Maybe those 100 tests could be a handful of parameterised tests?

The fourth thing I wanted to talk about is over-reliance on mock objects. Mocks can be a great tool for achieving cohesive, loosely-coupled modules in a Tell, Don’t Ask style of design – I’m under the impression that’s why they were originally invented. But as they give with one hand, they can take away with the other. The irony with mocks is that, while they can lead us to better encapsulation, they do so by exposing the internal interactions of our modules. A little mocking can be powerful design fuel, but pour too much of it on your tests and you’ll burn the house down.
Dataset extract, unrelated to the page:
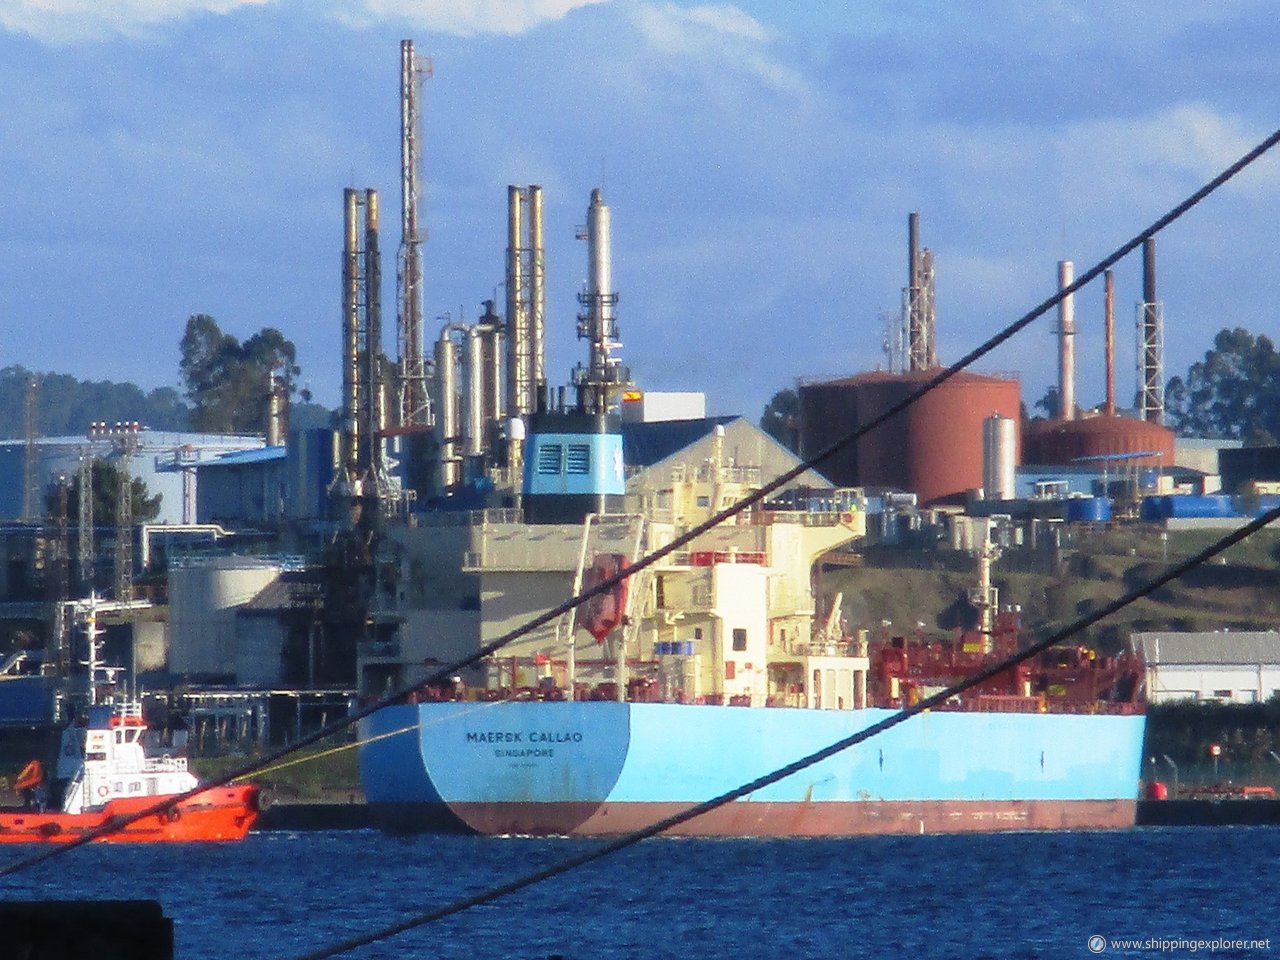 Maersk Callao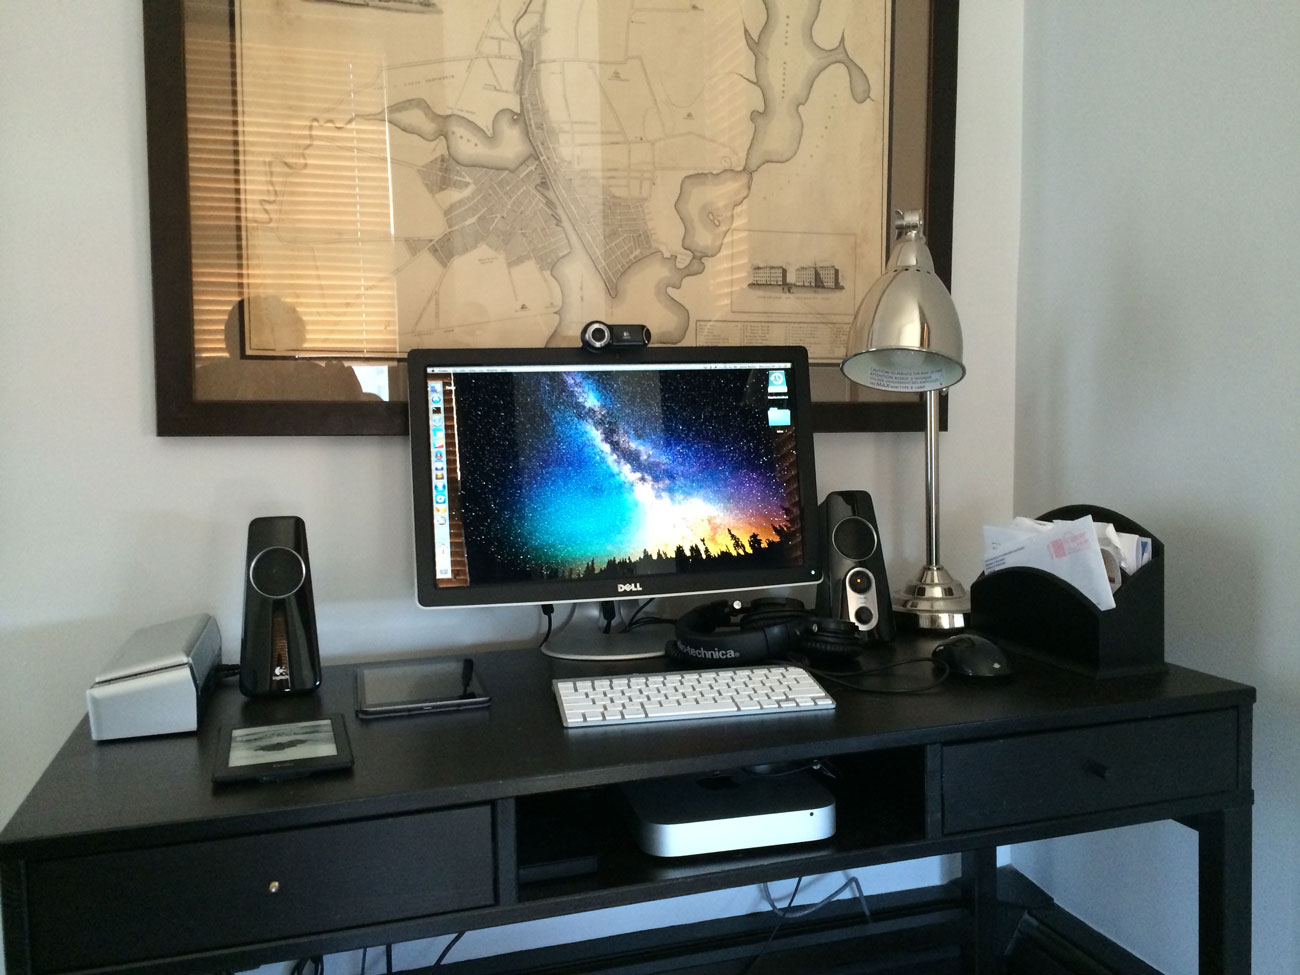 Jason Becker's Mac setup

And the final thing I wanted to highlight is the granularity of our tests. Do we write a test for every method of every class? Do we have a corresponding test fixture for every module in the implementation? My experience has been that it’s neither necessary nor desirable to have test code that sticks to your internal design like cheese melted into a radio.

At the other extreme, many teams have written tests that do everything from the outside – e.g., from a public API, or at the controller or service level. I call these “keyhole tests”, because when I’ve worked with them it can feel a little like keyhole surgery. My experience with this style of testing is that, for sure, it can decouple your test code from internal complexity, but at a sometimes heavy price when tests fail and we end up in the debugger trying to figure out where in the complex internal – and non-visible – call stack things went wrong. It’s like when the engineer from the gas company detects a leak somewhere in your house by checking for a drop in pressure at the meter outside. Pinpointing the source of the leak may involve ripping up the floors…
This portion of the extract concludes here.